At a recent Comms vNext session, Momentum’s Mark Vale (Enterprise Architect, Microsoft Teams Phone Expert, Microsoft MVP) and Brandon Bradley (VP, Modern Work & UC Innovation) made the case for what should be obvious by now and somehow isn’t: voice deserves the same workflow treatment as every other business process. The future state of voice hinges on how AI enhances and replaces traditional workflows and call flows, and their talk, Why doesn’t your call flow? Bringing workflows into the modern call flow with Power Automate and voice AI, walked through the practical mechanics of getting there. 
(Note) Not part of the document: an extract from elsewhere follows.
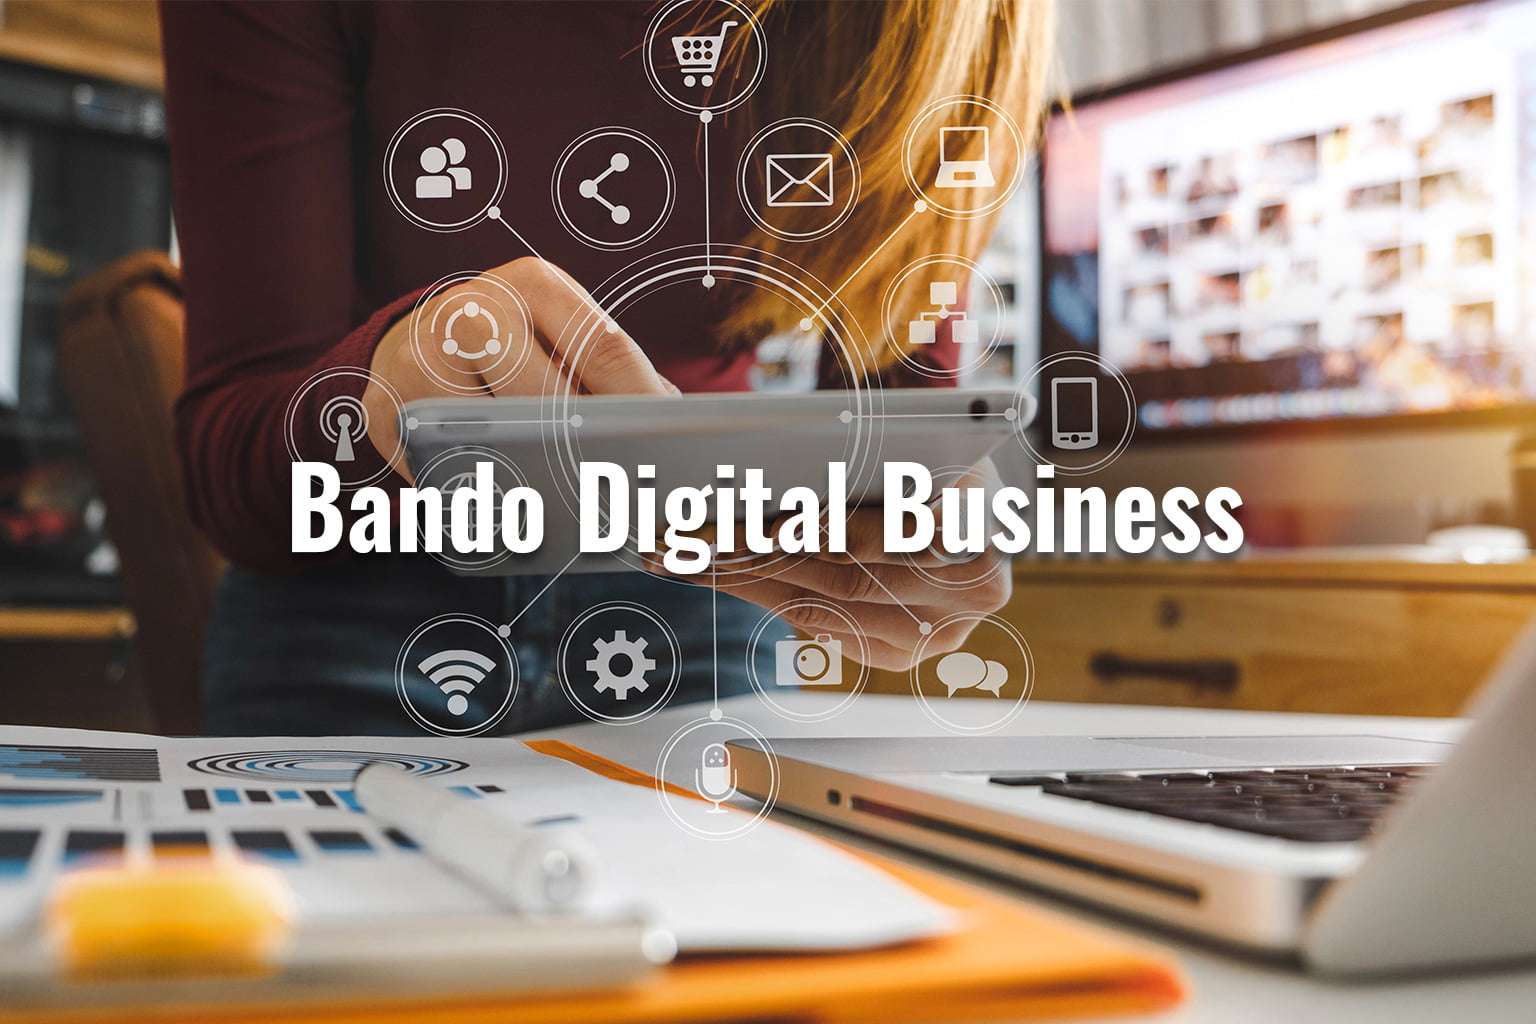 Bando Digital business
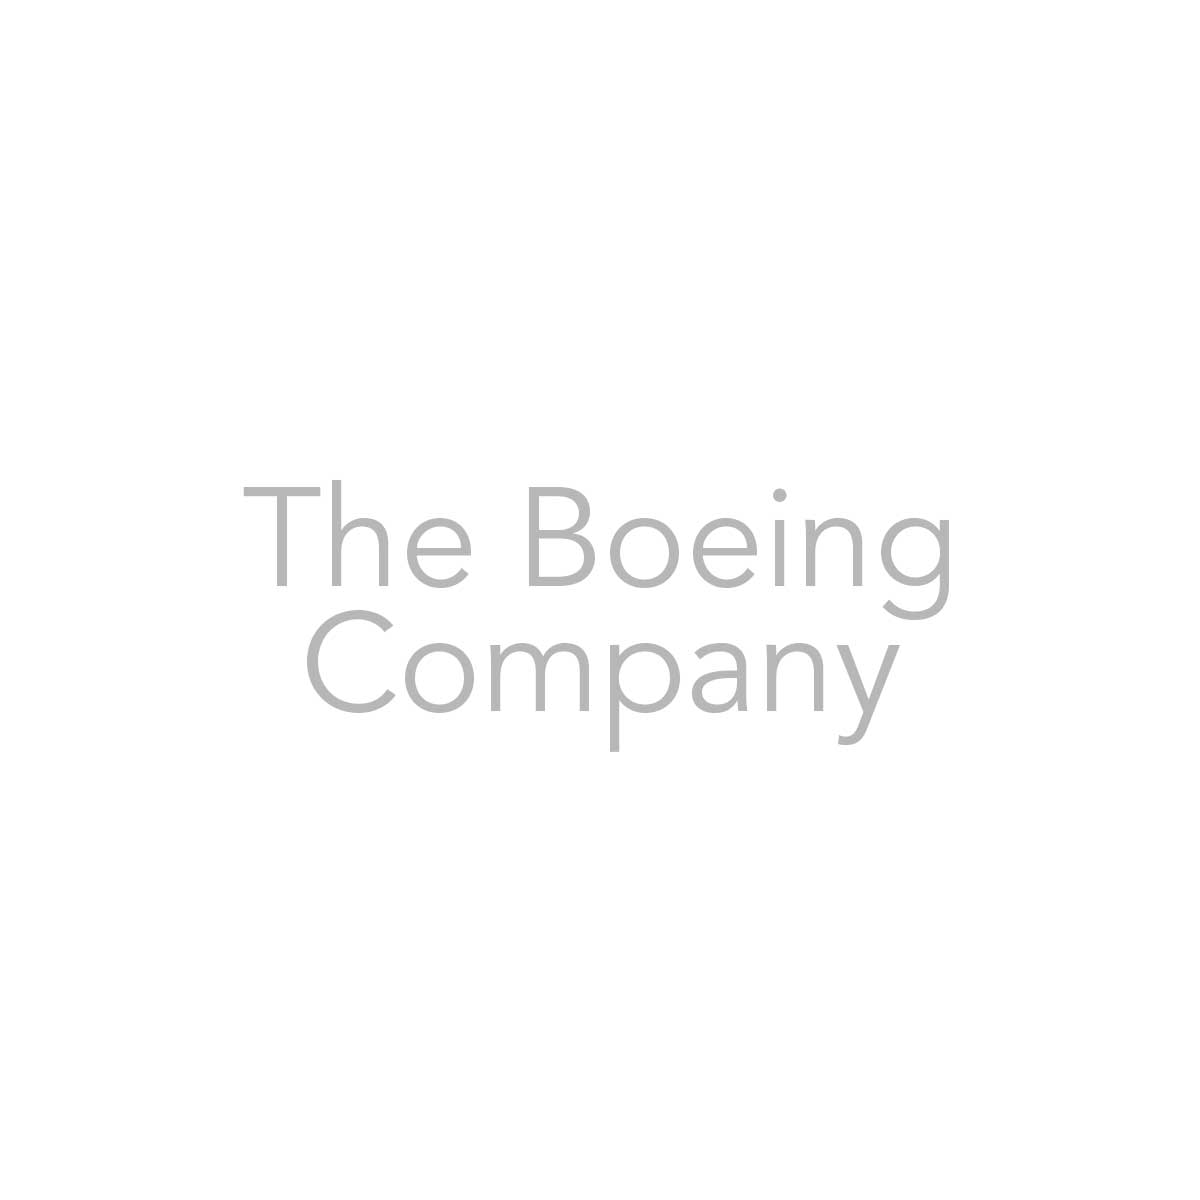 Het bedrijfslogo van Boeing op de pagina Partners

The full recap is below, broken down by section. The video has the live demos and audience Q&A. 

Voice is the last workflow most companies haven’t automated

Quoting runs through CRM automation. Ticketing fires alerts and routes by SLA. Procurement, onboarding, and approvals all sit inside structured workflows. Then a call comes in, and someone manually opens three tabs to figure out who is on the line. 

The premise is straightforward: treat the call flow like every other workflow in the business. Orchestrated, contextual, and connected to the systems that already hold the answer. Here’s what that looks like in practice.

Mark Vale

Microsoft Teams Phone Architect

Brandon Bradley

VP Modern Work
Innovation

Power Automate as the orchestration layer

Power Automate is the Microsoft automation platform that predates newer tools like N8N. It’s the plumbing between platforms, a low-code/no-code canvas that connects Microsoft services, third-party CRMs, AI services, and compliance platforms through certified connectors and custom HTTP endpoints. 

The licensing math matters more than most people realize. The free tier handles a surprising amount. A single premium account at $15 per month supports thousands of flows and processes up to 40,000 requests per day across multiple SharePoint sites and CRMs. Most organizations encounter Power Automate through trivial demos like “move an email attachment to SharePoint” and miss the real value, which is orchestration at scale. 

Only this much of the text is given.